Works for me.  Pondering it more, the timestamp that matters most for archive
purposes is the timestamp at which list subscribers started to receive their
copies of the message.  Based on that, I'm thinking we should ignore the Date
header and always use the timestamp from a particular "Received ... by
HOSTNAME.postgresql.org" header.  Before settling on that, I'd want to check
how many messages change timestamp by more than ~100s, and I'd want to spot
check a few messages to see whether the change looks like an improvement.


Re: Post-2018 messages in archives

From
Tom Lane
Date:
Noah Misch <noah@leadboat.com> writes:
> On Wed, Dec 05, 2018 at 09:39:18AM +0100, Magnus Hagander wrote:
>>> Unfortunately we don't keep the ingest time separately. But for the future,
>>> doing so would probably be a good idea, for other reasons as well.

> Works for me.  Pondering it more, the timestamp that matters most for archive
> purposes is the timestamp at which list subscribers started to receive their
> copies of the message.  Based on that, I'm thinking we should ignore the Date
> header and always use the timestamp from a particular "Received ... by
> HOSTNAME.postgresql.org" header.  Before settling on that, I'd want to check
> how many messages change timestamp by more than ~100s, and I'd want to spot
> check a few messages to see whether the change looks like an improvement.

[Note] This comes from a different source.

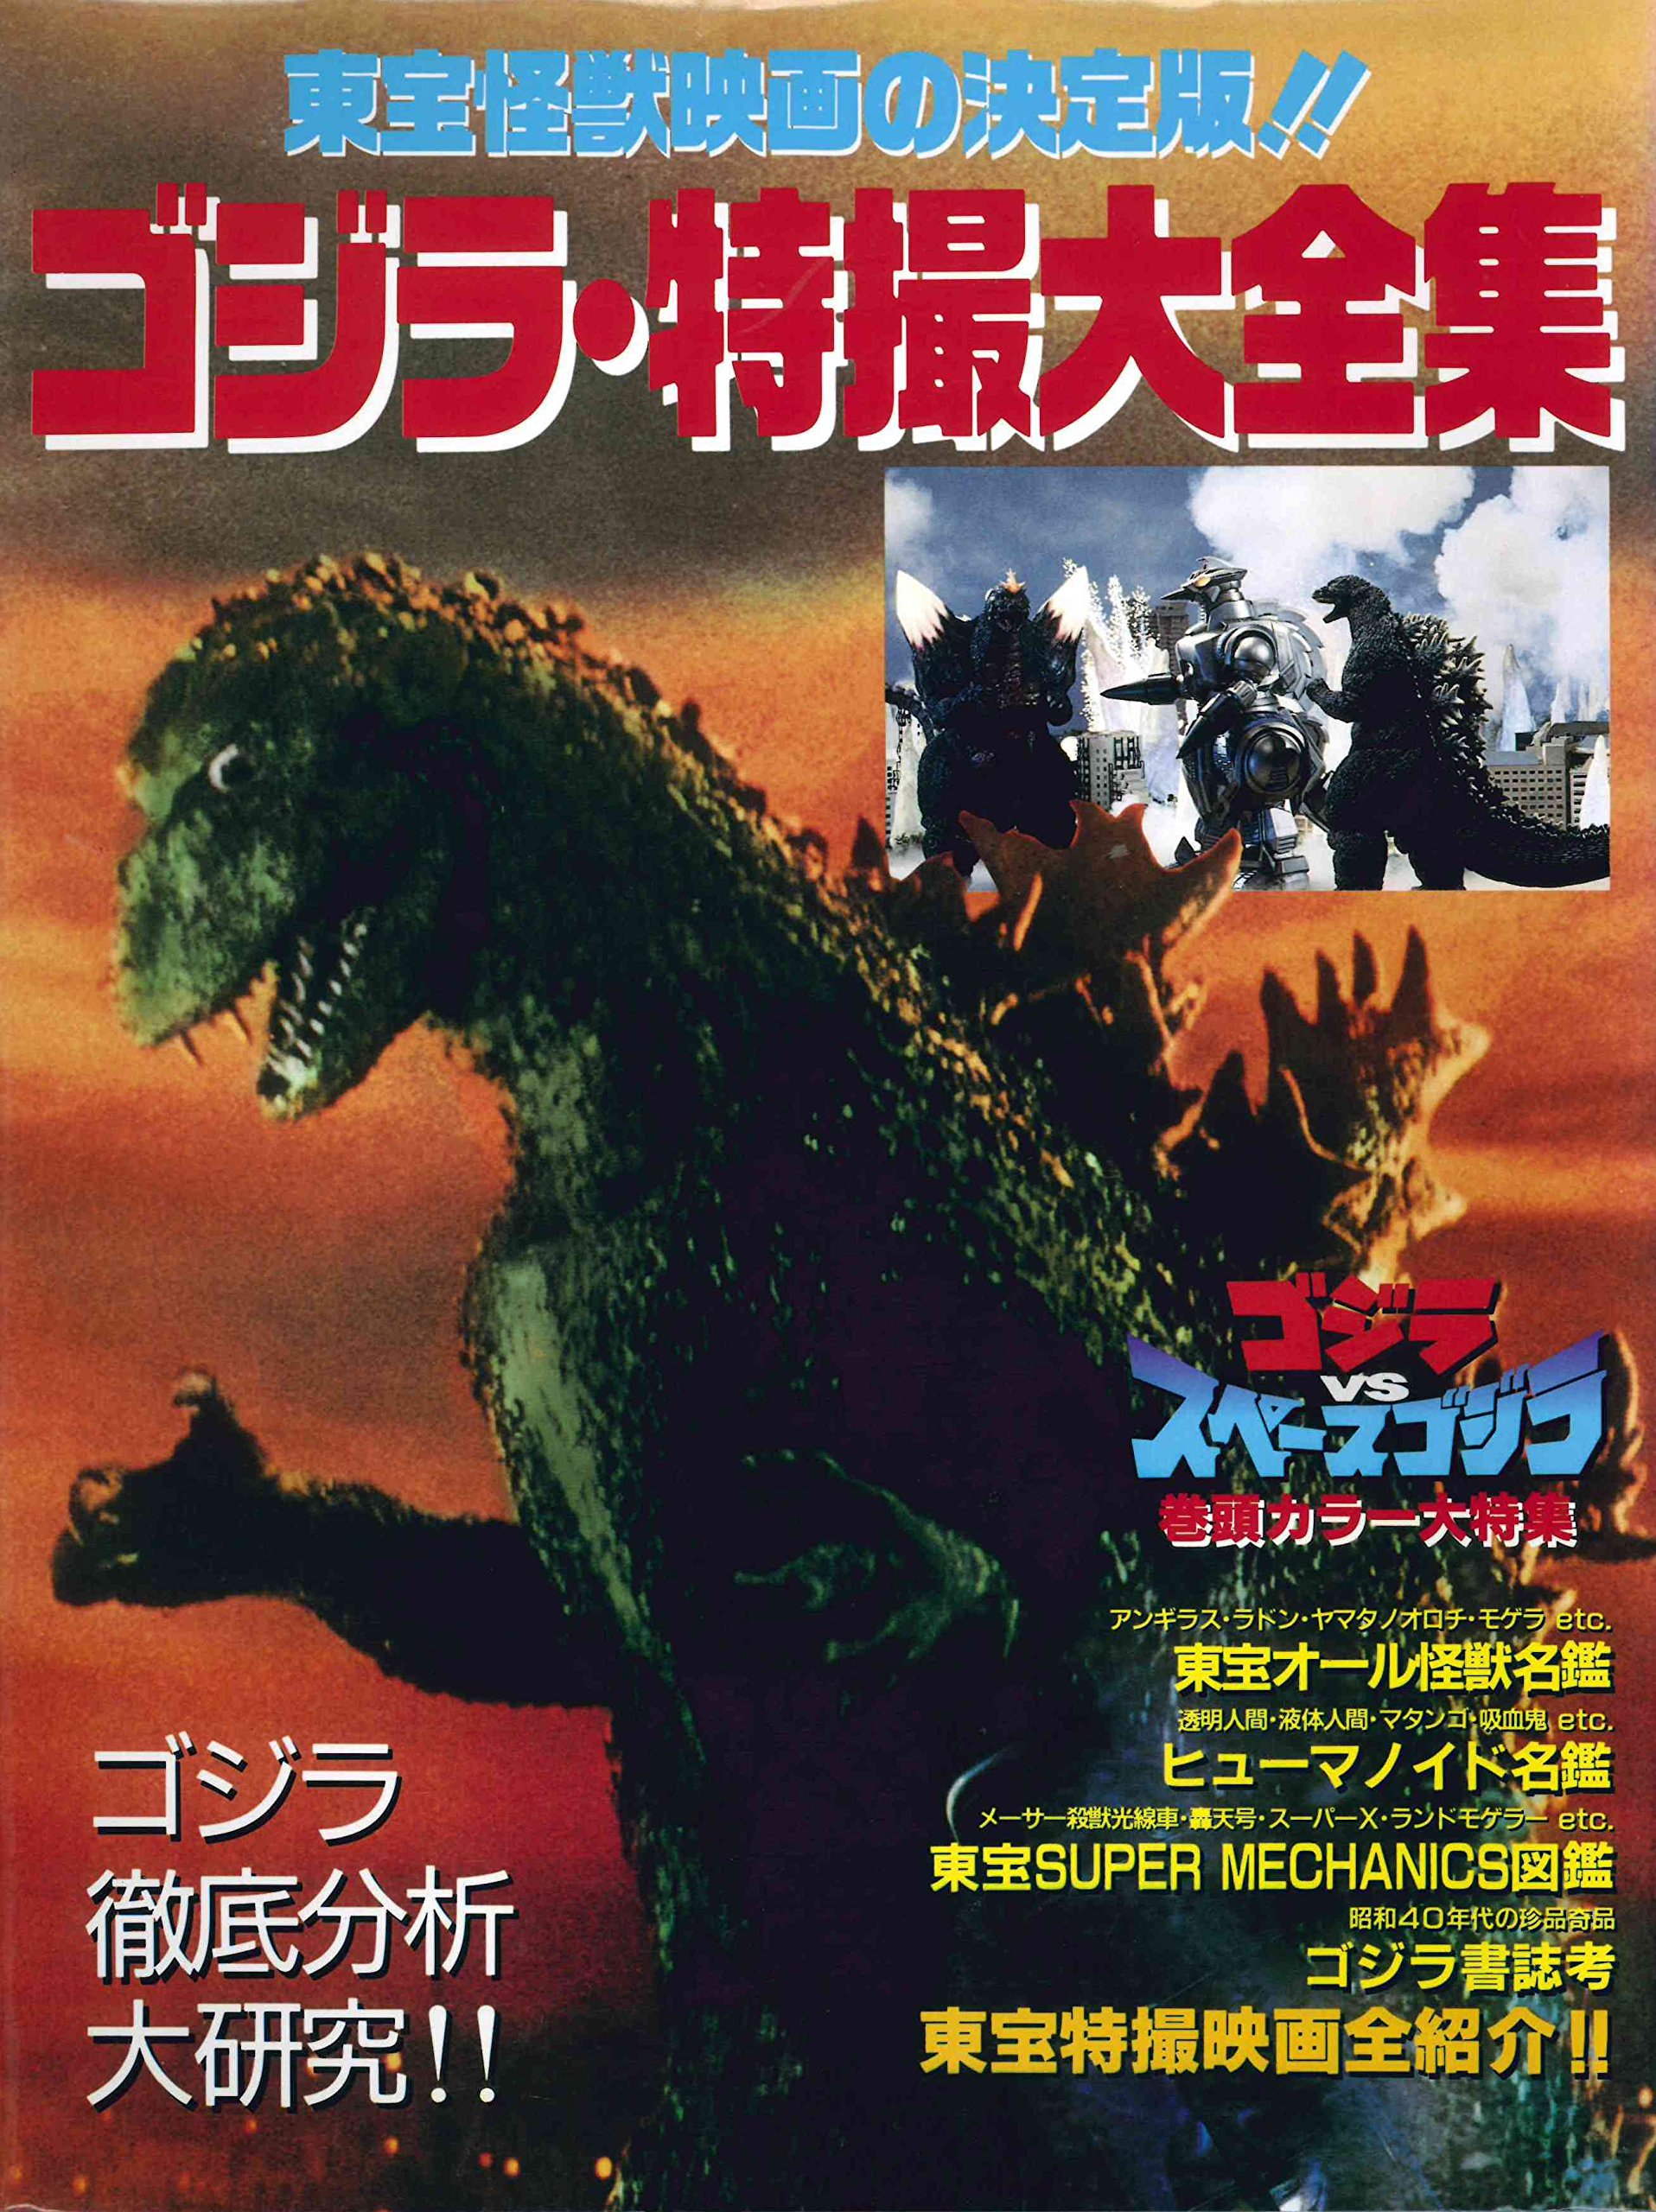 Definitive Edition of Toho Monster Movies!! Godzilla Special

Another point worth considering here is moderation queue delays, which
are not infrequently measured in days :-(.  I am not quite sure whether
it'd be better to tag a moderation-delayed message with the timestamp
when it entered the queue or the time when it exited.  But either one
would be better than believing the Date: header.

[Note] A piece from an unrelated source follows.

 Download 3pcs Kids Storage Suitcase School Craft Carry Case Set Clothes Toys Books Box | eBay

            regards, tom lane


Re: Post-2018 messages in archives

From
Noah Misch
Date:
On Wed, Dec 05, 2018 at 11:31:39PM -0500, Tom Lane wrote:
> Noah Misch <noah@leadboat.com> writes:
> > On Wed, Dec 05, 2018 at 09:39:18AM +0100, Magnus Hagander wrote:
> >>> Unfortunately we don't keep the ingest time separately. But for the future,
> >>> doing so would probably be a good idea, for other reasons as well.
> 
> > Works for me.  Pondering it more, the timestamp that matters most for archive
> > purposes is the timestamp at which list subscribers started to receive their
> > copies of the message.  Based on that, I'm thinking we should ignore the Date
> > header and always use the timestamp from a particular "Received ... by
> > HOSTNAME.postgresql.org" header.  Before settling on that, I'd want to check
> > how many messages change timestamp by more than ~100s, and I'd want to spot
> > check a few messages to see whether the change looks like an improvement.
> 
> Another point worth considering here is moderation queue delays, which
> are not infrequently measured in days :-(.  I am not quite sure whether
> it'd be better to tag a moderation-delayed message with the timestamp
> when it entered the queue or the time when it exited.  But either one
> would be better than believing the Date: header.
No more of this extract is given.